Which specific driver did you use paul?
I've just tested an SXD driver which i just pull out from a working laser (NUBM07E), the result are just like what i said earlier:


Closed circuit ~5A @ 0V
1Ω 4.58A @ 4.58V
1Ω +1 Diode 3.79A @ 5.24V
1Ω +2 Diode 3.12A @ 5.41V
1Ω +3 Diode 2.43A @ 5.56V
1Ω +4 Diode 1.79A @ 5.71V
1Ω +5 Diode 1.27A @ 5.86V
1Ω +6 Diode 0.75A @ 5.98V
Open circuit 0A @ 6.69V

Real world current when connected to NUBM07E = ~4.5A

P.S:
This driver has been modified to deliver 5A Isc (I short circuit) as per calculation on paper,
because the original configuration i paid and i get from DTR are real 4.5A Isc (i buy a 4.5A SXD)
but when connected to NUBM07E only delivers ~3.5A.
just like i said earlier here


Would you still call this a current regulating driver?
It's been used by many people without problem.
BTW i'm not trying to bash anyone product,
just pure curiosity because all my designed driver are also behave that way when introduced to a set of diodes as load
. :confused::confused:
Also, next time my blackbuck 8M arrives, i'll also test it out. :)

I can see making the FB pin tied to the cathode of the LD and from there to gnd through a low value resistor.

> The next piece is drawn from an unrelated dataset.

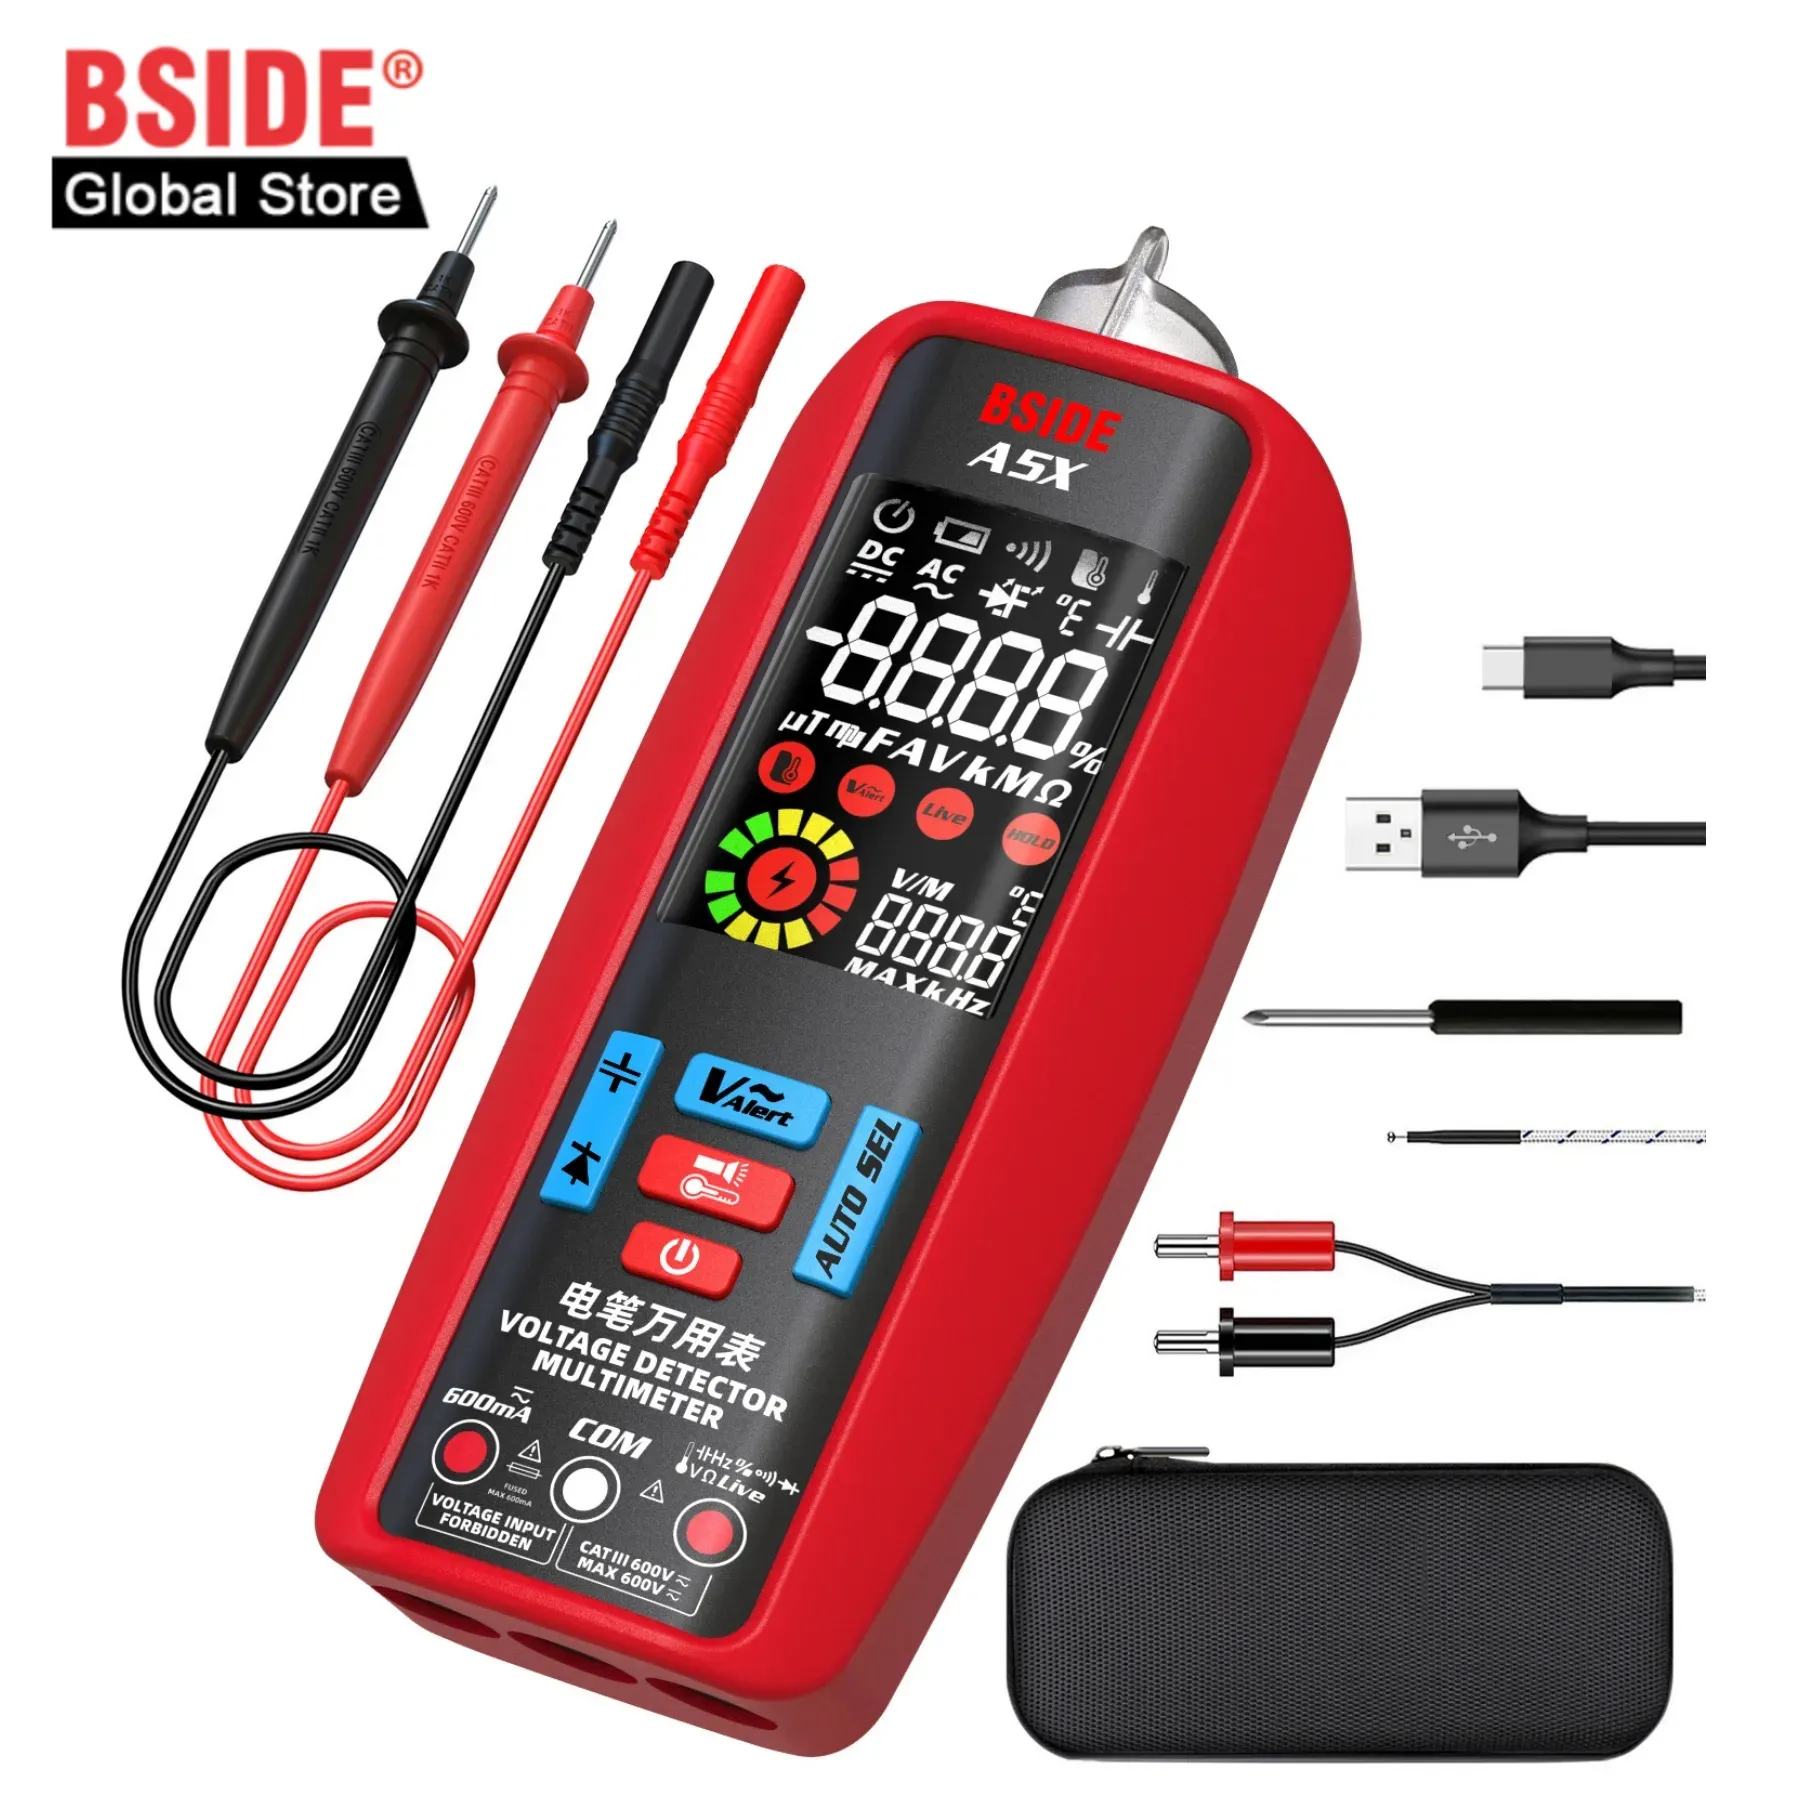 BSIDE A5 puntaliマルチサービスアクセスネットワークテスターマルチメーターテストリード単相AC電流計デジタル電圧計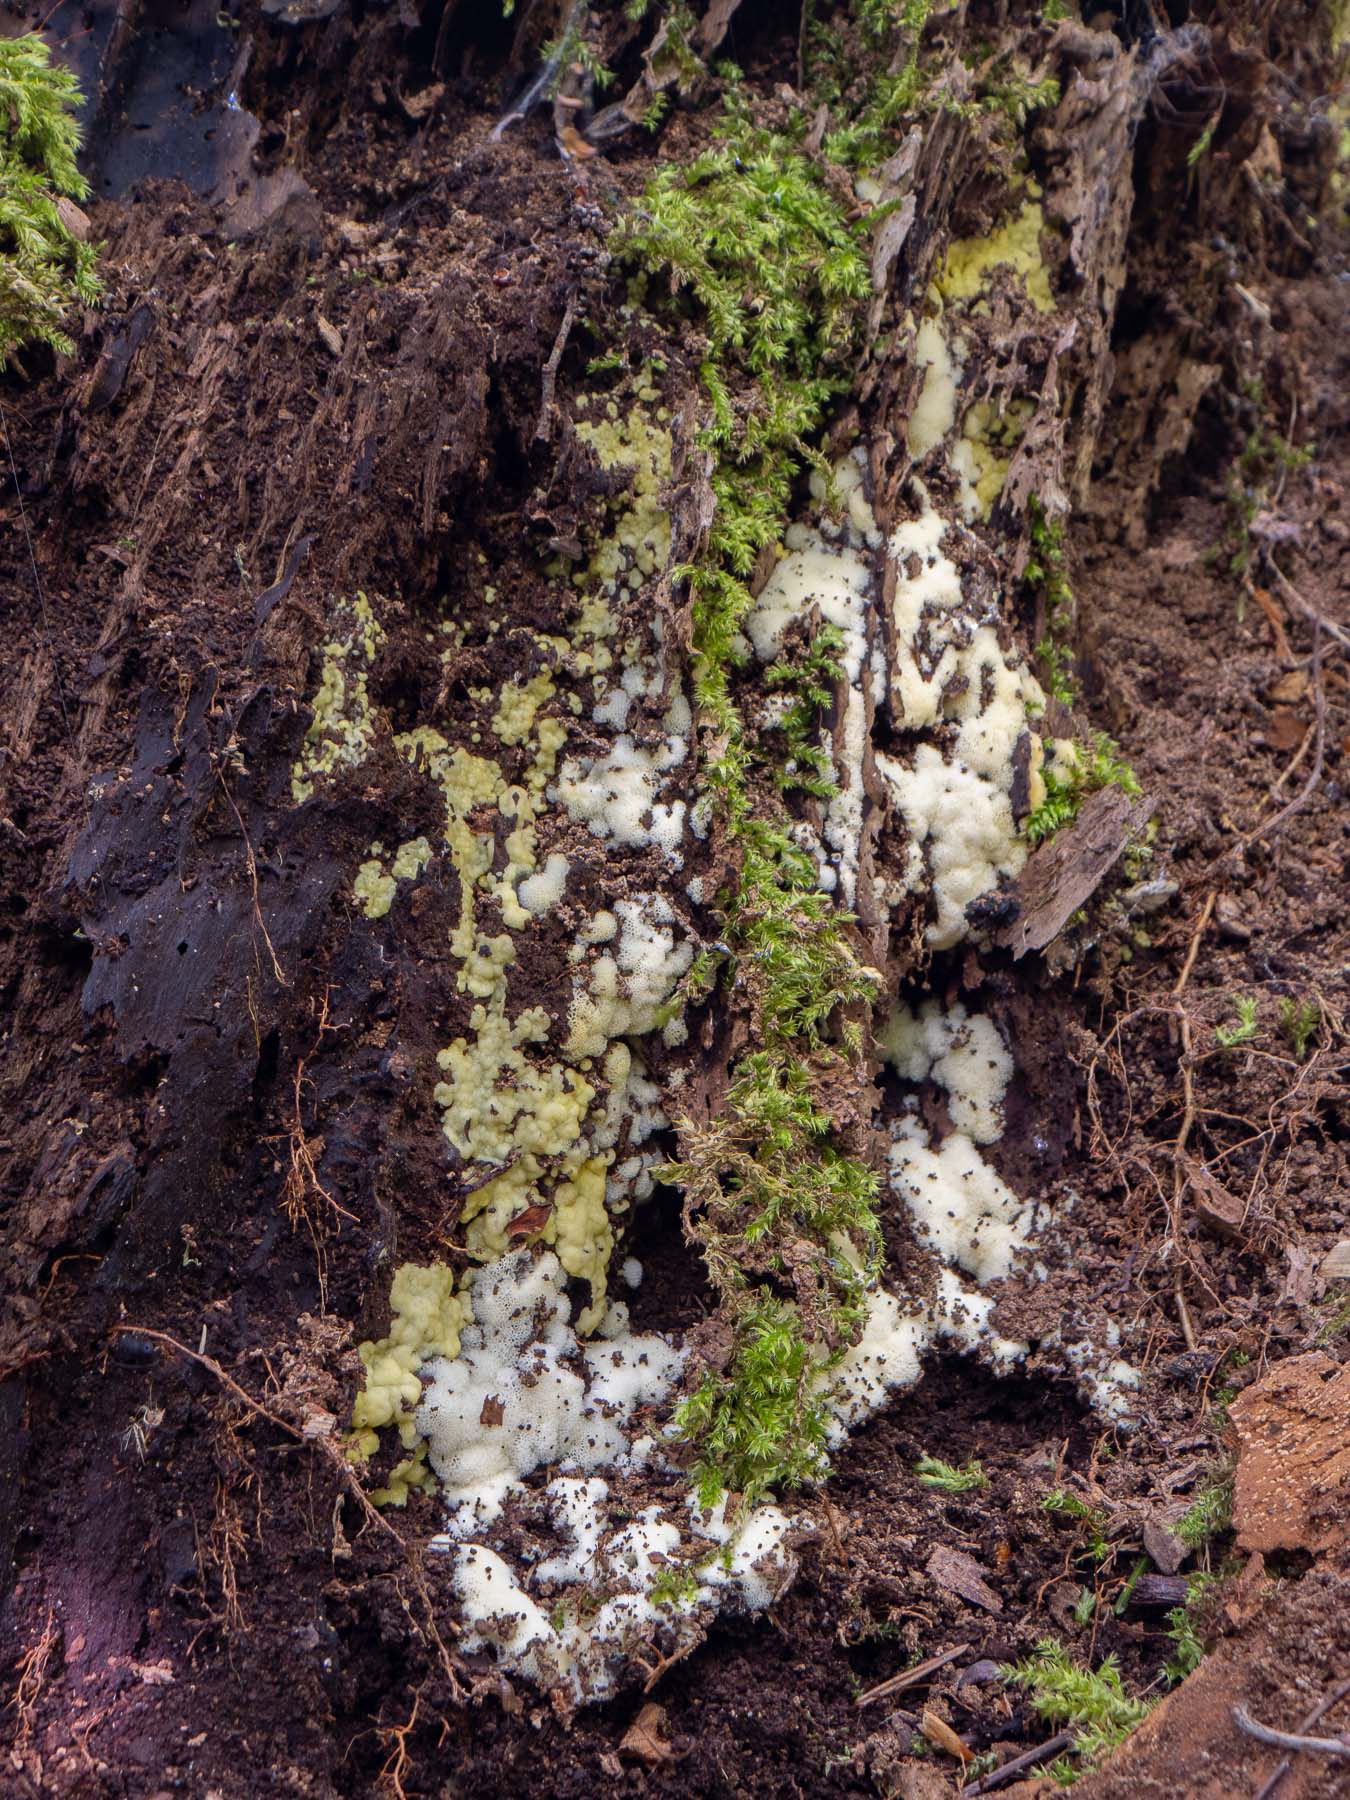 Сeratiomyxa fruticulosa var. porioides. Природный парк G?rv?ln, июль 2020 года. Автор фото: Сутормина Марина

This should make it act as a current regulator.....unless I am missing something.

You are correct, that's what it takes to convert a buck/boost voltage regulator to a buck/boost current regulator
only, you might want to use some opamp/current sense IC to enable the use of small sense resistor.

But after all, the result are just what we see above.
IMHO if we want a real "constant current" driver, then a small 15mm * 10mm PCB are not enough due to the compensation added.